§ **INFORMATION SHOWN**
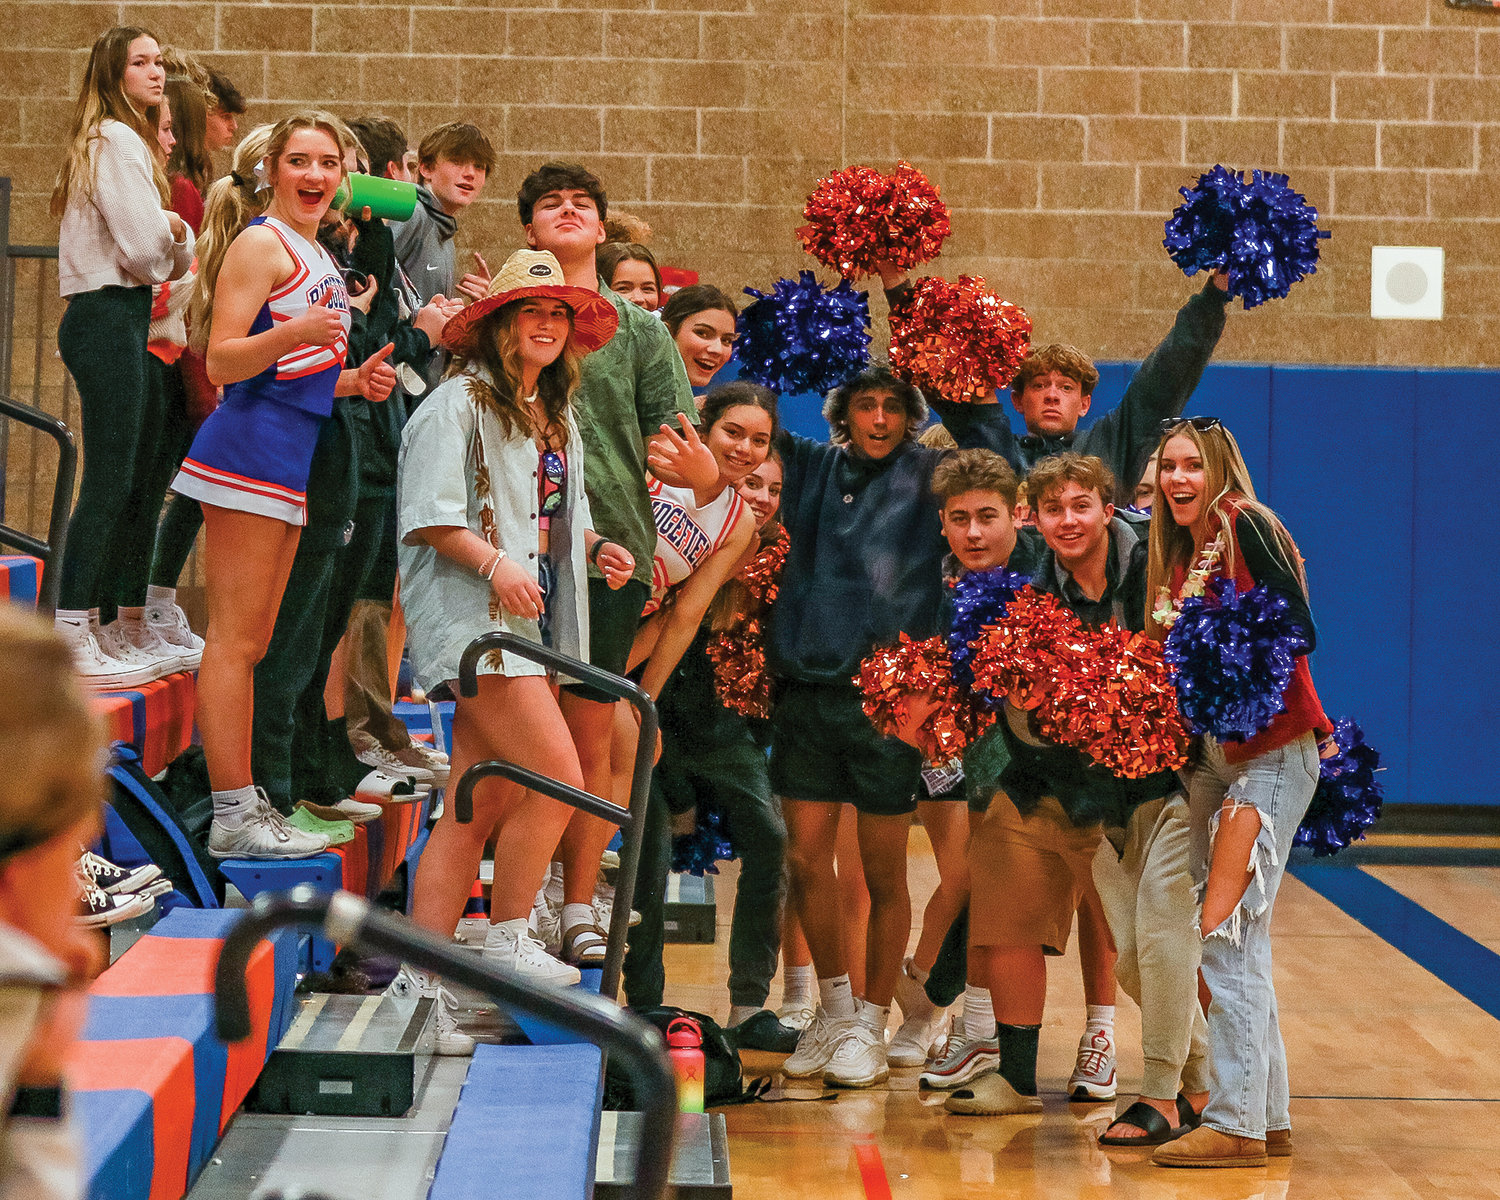 The Ridgefield student section swapped roles with the cheerleaders during a game against La Center on Monday, Dec. 19.
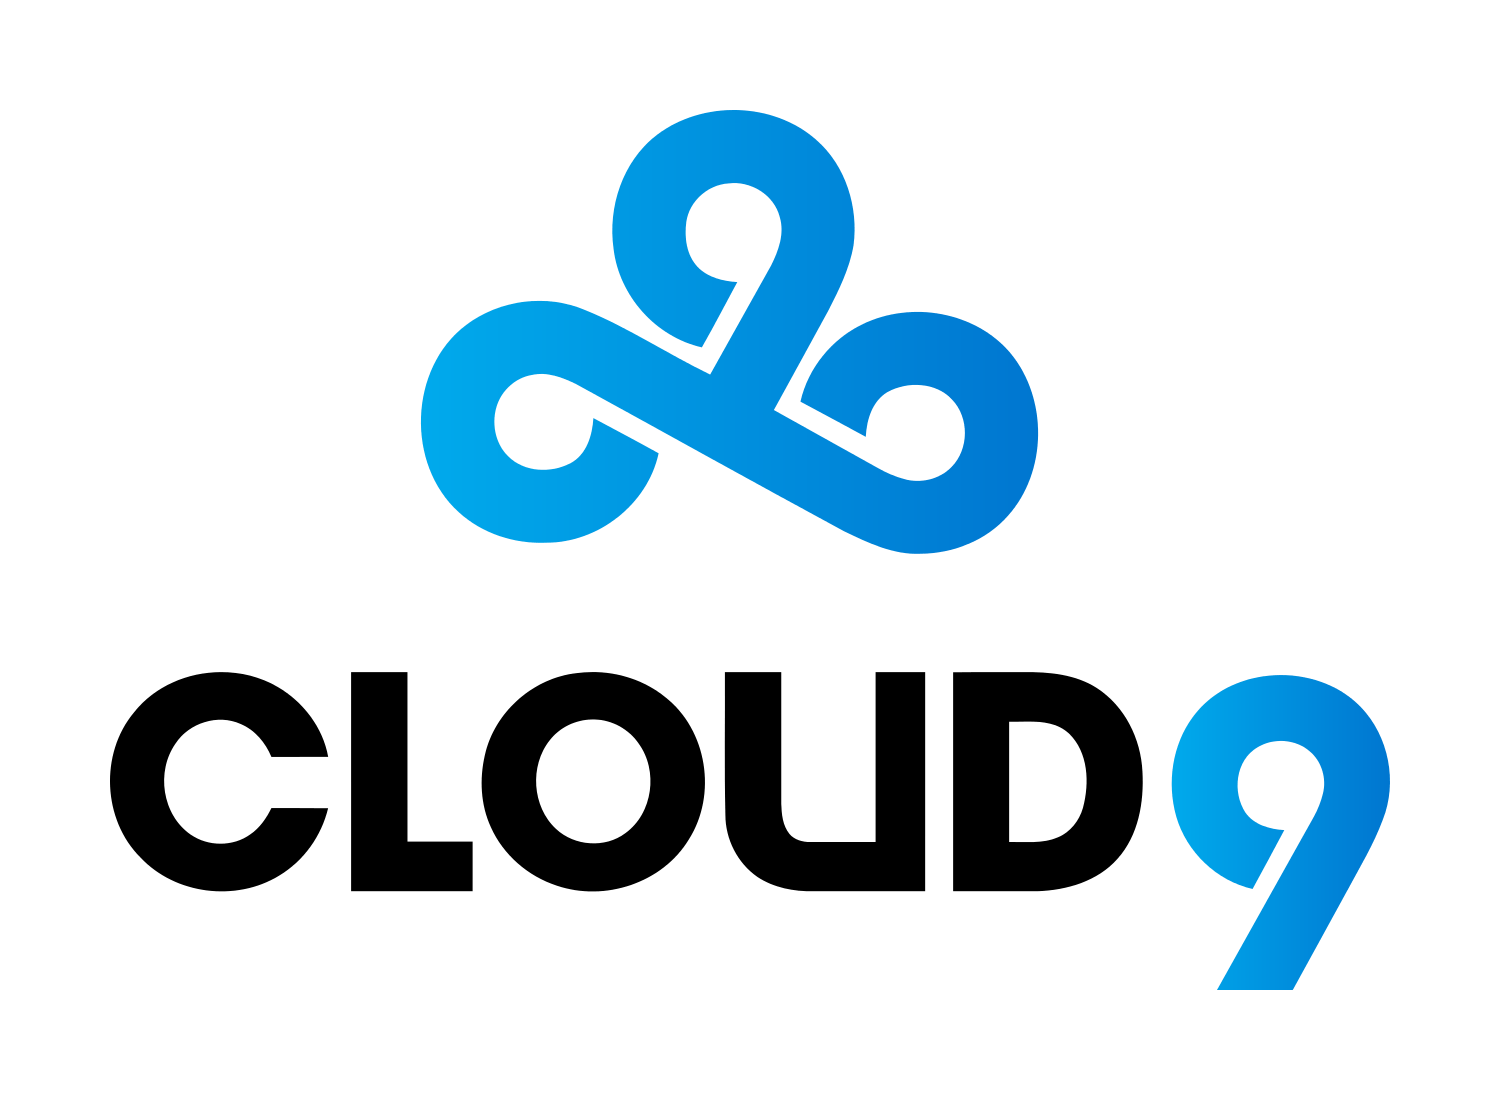 C9 Logo - Cloud 9 Logo, Cloud 9 Symbol, Meaning, History and Evolution
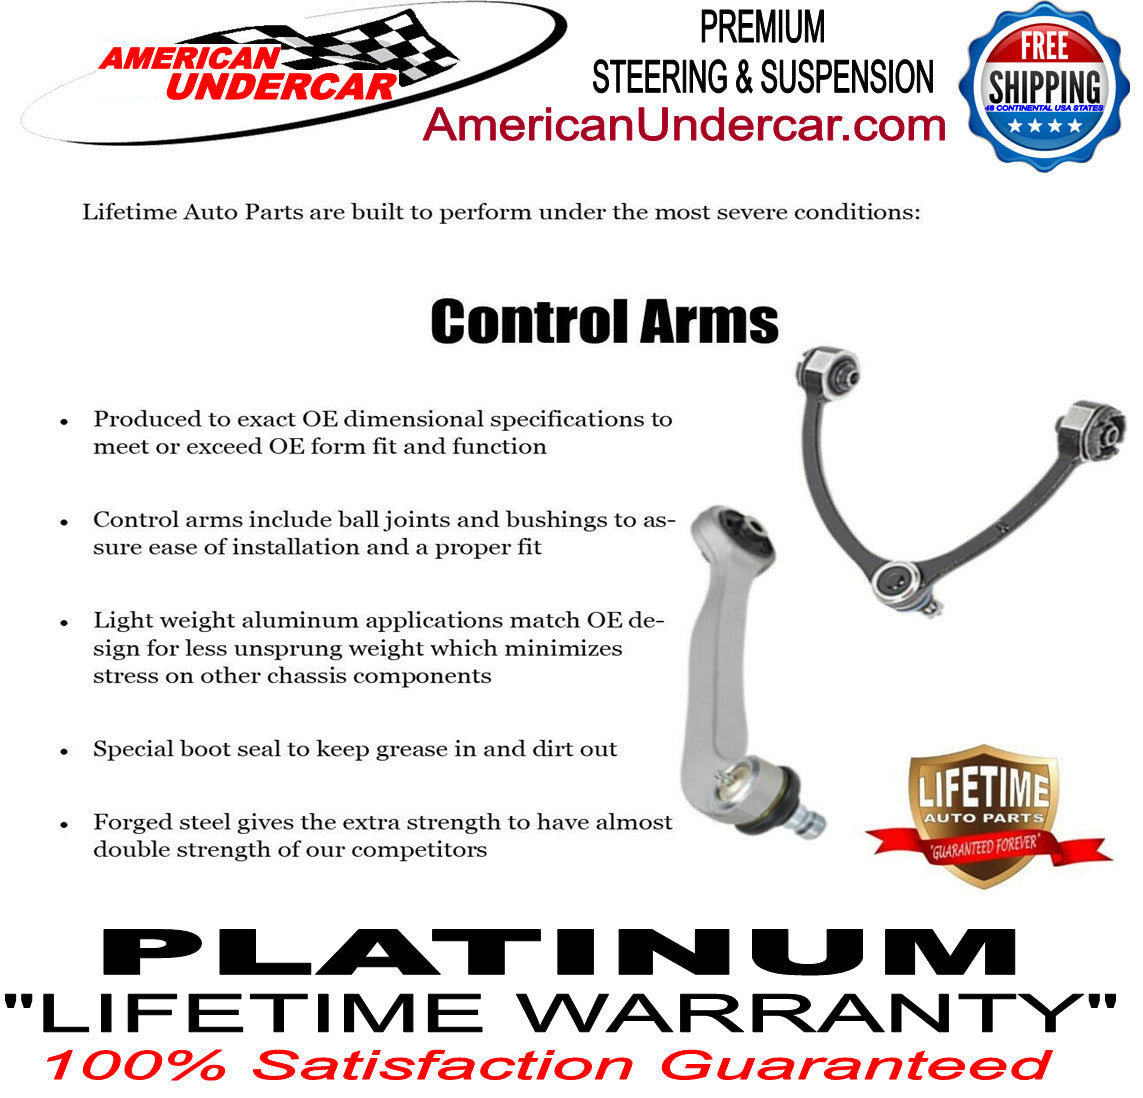 Lifetime Control Arm Ball Joint Suspension Kit for 2014-2018 Cadillac, Chevrolet, GMC

§ **WHAT IS REQUIRED**
Write the material out again exactly. Skip each picture.

§ **WRITTEN ANSWER**
 The Ridgefield student section swapped roles with the cheerleaders during a game against La Center on Monday, Dec. 19.
 C9 Logo - Cloud 9 Logo, Cloud 9 Symbol, Meaning, History and Evolution
 Lifetime Control Arm Ball Joint Suspension Kit for 2014-2018 Cadillac, Chevrolet, GMC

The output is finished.